Toilet options |
Streets are clean and people use the pavements in an orderly fashion, mainly walking on the left. There is strict discipline at crossing with no-one making a move until the green man shows. Parks were also clean.
Cars stop for anyone on an uncontrolled pedestrian crossing. The metro is well signposted in English and there is information in English inside the carriages announcing the next stop. Platforms are well signposted with maps indicating exits. Again, no litter. They have the equivalent of the Oyster card called Pasmo. No one gave up their seat to us on the metro despite our white hair.
Shops are awash with assistants, particularly department stores. You are bowed at and greeted at every turn. I thought of John Lewis where it takes a long time to track down an assitant these days.

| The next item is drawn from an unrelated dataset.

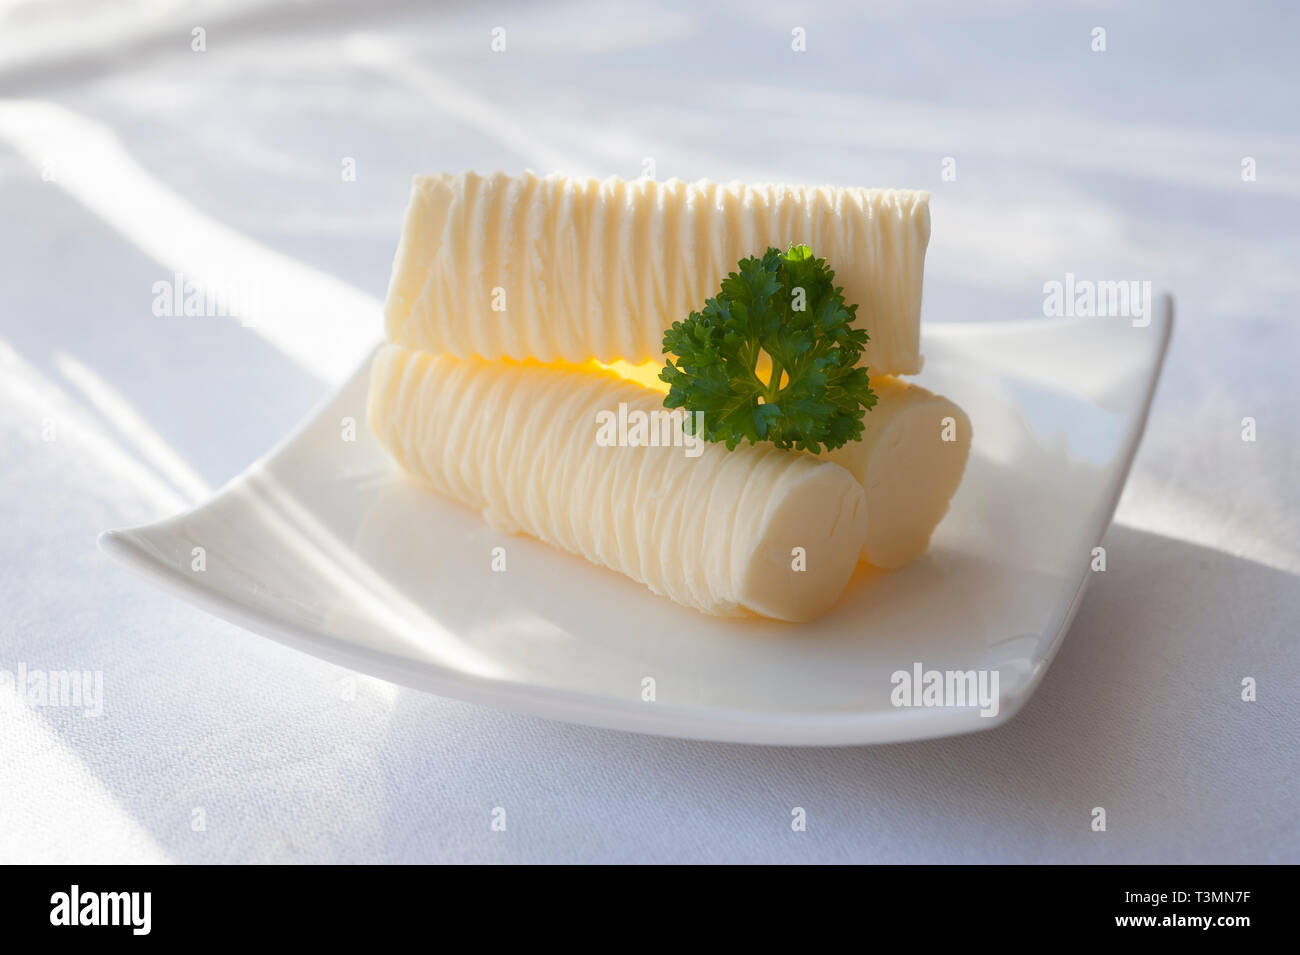 Panecillos de mantequilla con una guarnición de perejil en una soleada mesa Foto de stock

People in shops and restaurants are polite and friendly. Many do their best to speak English or go and fetch someone who can.
There's a huge variety of types of Japanese cooking, but not always easy to tell which restaurants are doing what. Many don't have menus on display in English or plastic replicas. English versions of the menu tend to show less than what's actually on offer - you don't find out what the specials are for example. Japanese restaurants don't provide napkins. Sometimes there are wrapped wet wipes for cleaning up before the meal, which can be used at the end.
On the two days it rained we noticed the huge number of umbrellas moving in tides up and down the streets. Outside shops and restaurants were stands with plastic bags (long for standard brollies and smaller and squarer for folding umbrellas) and you got a very dusty reception if you failed to wrap your umbrellas before taking it in with you or leaving it on the rack. Outside museums were large umbrella 'lockers'...rows of holders into which you locked your umbrella, taking the key inside with you.